This is the settlement of the documentary collection. The payment must be done with an instrument of payment (To know the difference between technique and instrument of payment, read this article ). The importer’s bank sends the funds collected from its client to the remitting bank in the vast majority of cases via the SWIFT network (MT202 or MT400).

An important remark must be made here: the fact that the importer has paid does not guarantee that his bank will pay the remitting bank immediately. Sometimes getting the necessary foreign currency for the interbank settlement can be quite complicated and add extra time.

8. Credit Advice

The exporter’s bank receives the funds and credits his client’s account. Then, it sends him a credit notice to inform him of the availability of funds on his account.

SWIFT Messages exchanged for a documentary collection

The SWIFT category 4 messages (part 1) are used for documentary collections. We presented and examined each of them in a previous article entitled Collecting Bank and Remitting Bank in SWIFT Category 4 Messages.

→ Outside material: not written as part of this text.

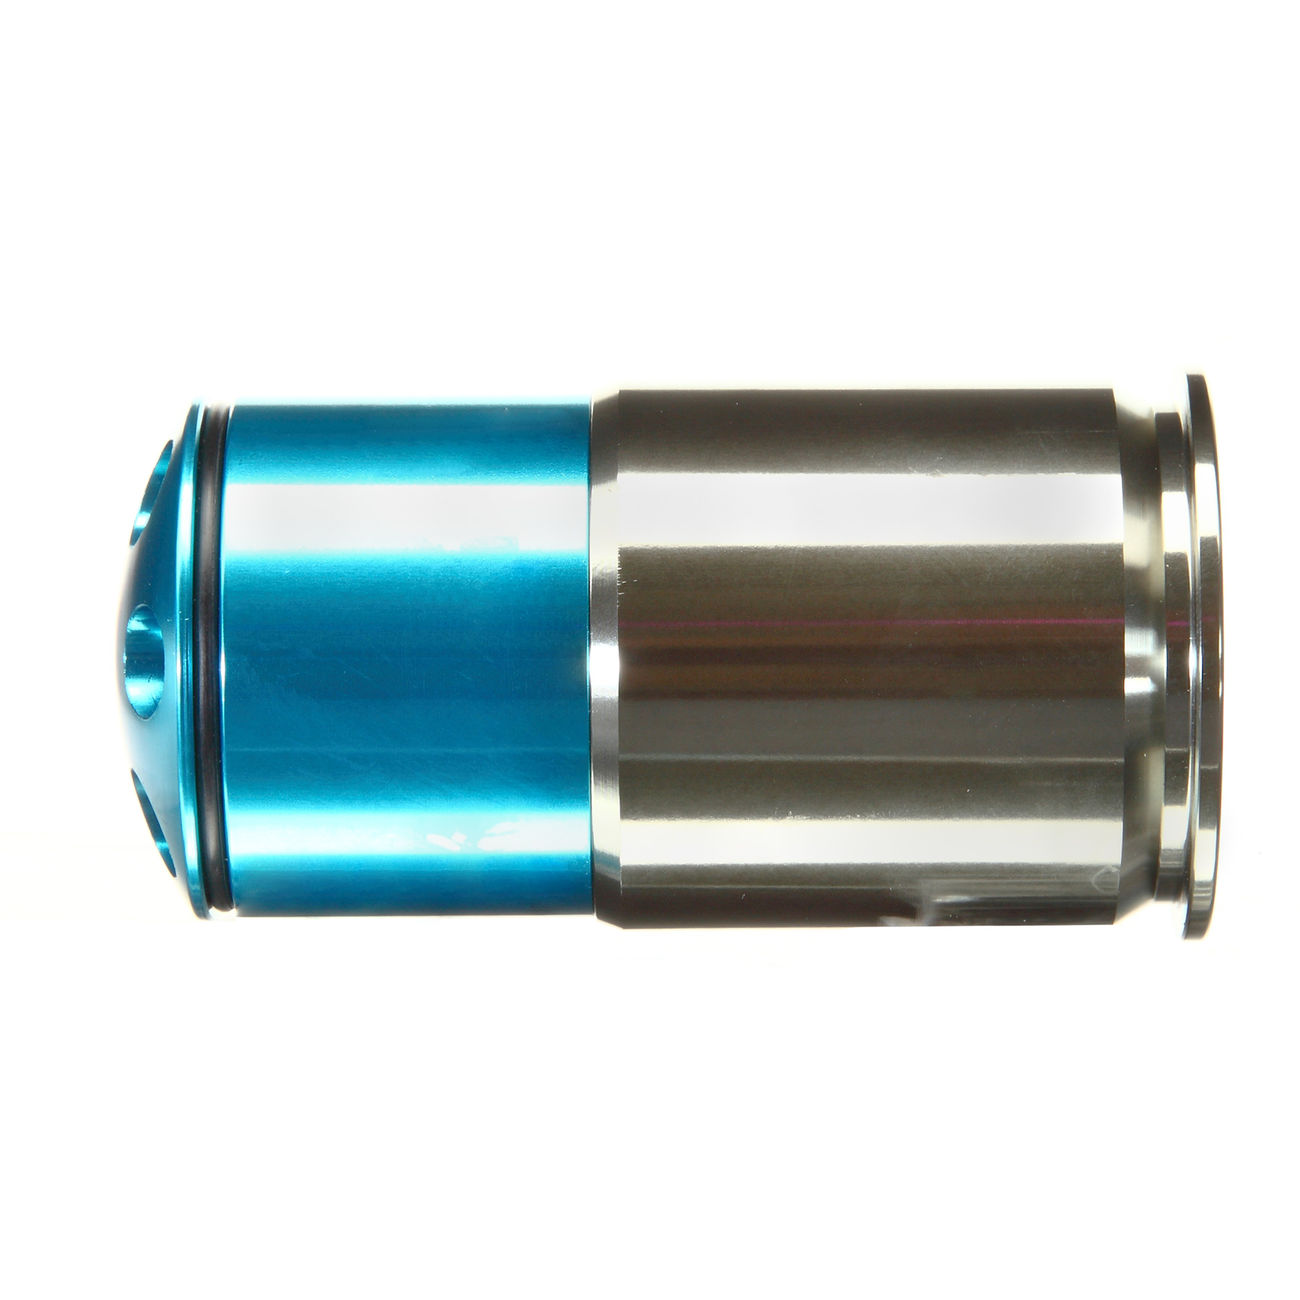 MadBull M781 40mm Vollmetall Hülse / Einlegepatrone f. 42 8mm BBs blau Bild 1

I refer you to that article to read and learn more about this interesting topic.

To summarize, let’s look at the main advantages and drawbacks of this payment technique.

Advantages and drawbacks in using a documentary collection

A documentary collection presents three main advantages:

  • It is simple and easy to handle administratively compared to letters of credit.
  • The exporter can retain title to the goods until payment or acceptance is made.
  • It allows to collect the payment faster than with open account terms (when a bill of exchange is not required).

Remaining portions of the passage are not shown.